C.M. de Hauke, Seurat et son oeuvre, Paris, 1961, vol. II, p. 66, no. 441 (illustrated, p. 67).
G. Kahn, The Drawings of Georges Seurat, New York, 1971, no. 37 (illustrated).
Exhibited
Paris, Galerie Bernhein-Jeune, Les dessins de Georges Seurat, November-December 1926, no. 30.
Paris, Galerie Bellier, Oeuvres sur papier, June-July 1988.

Lot Essay

In the years 1880-1881 the essential characteristics of Seurat's mature dratftsmanship became manifest. He quickly evolved from a primarily linear style of filled-in outlines to a more assertively hatched technique that creates volume by juxtaposing different degrees of light and shade.

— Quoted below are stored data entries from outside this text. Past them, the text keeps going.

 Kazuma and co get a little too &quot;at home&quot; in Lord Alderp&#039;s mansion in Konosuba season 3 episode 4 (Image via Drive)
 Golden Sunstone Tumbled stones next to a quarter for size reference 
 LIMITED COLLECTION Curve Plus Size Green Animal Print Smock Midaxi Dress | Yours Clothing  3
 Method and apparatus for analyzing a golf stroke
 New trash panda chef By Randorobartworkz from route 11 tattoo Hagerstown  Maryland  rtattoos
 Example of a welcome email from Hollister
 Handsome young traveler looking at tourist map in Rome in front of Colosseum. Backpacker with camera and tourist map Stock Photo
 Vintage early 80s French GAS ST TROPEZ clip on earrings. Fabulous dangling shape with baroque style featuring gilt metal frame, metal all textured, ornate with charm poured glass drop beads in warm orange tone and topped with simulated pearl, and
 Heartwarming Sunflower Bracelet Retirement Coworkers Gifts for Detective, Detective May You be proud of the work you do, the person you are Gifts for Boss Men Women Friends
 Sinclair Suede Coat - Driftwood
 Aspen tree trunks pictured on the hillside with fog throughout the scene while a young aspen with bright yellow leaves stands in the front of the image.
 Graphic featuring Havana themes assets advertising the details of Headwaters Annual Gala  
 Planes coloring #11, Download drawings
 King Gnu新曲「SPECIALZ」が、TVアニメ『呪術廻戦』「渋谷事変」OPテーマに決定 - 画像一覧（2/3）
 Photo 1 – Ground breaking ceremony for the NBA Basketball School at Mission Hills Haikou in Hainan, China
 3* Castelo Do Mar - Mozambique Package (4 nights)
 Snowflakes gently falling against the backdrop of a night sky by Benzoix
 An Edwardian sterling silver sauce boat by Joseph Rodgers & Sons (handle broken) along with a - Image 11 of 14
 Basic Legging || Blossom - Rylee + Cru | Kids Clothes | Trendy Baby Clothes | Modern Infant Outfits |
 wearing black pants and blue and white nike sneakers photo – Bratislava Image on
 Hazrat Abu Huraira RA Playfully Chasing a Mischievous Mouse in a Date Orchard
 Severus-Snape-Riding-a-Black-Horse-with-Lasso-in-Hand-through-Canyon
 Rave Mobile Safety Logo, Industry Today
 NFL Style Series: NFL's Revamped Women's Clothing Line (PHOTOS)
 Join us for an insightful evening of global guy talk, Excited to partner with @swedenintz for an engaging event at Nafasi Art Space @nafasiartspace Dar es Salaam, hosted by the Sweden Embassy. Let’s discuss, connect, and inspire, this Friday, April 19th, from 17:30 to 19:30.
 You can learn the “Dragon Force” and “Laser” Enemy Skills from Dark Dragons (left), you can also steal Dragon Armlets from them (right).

Finally, he "began to take his formal system of broken, irregular contours and crosshatched grays beyond the boundaries of the figure and extended it into a kind a crystalline structure." (E. Franz and B. Grove, Georges Seurat Drawings, Boston, 1984, p. 56).
In the present drawing the figure is still largely defined by precise contours; nevertheless, the subject is fully integrated within a completely "drawn" environment consisting of a web of finely applied lines. These range from the emphatic and regular hatching in the figure and lamppost to a looser, more improvised network of curvilinear threads. A soft halo of light surrounds the figure, reinforcing the silhouette, without isolating it from its environment. The humble naturalism of his subject notwithstanding, Seurat's treatment is subtly modernist; he constructs the figure out of simple shapes that seem nearly abstract, creating a pattern of contrasted light and shade that is inseparable from the realism of his subject.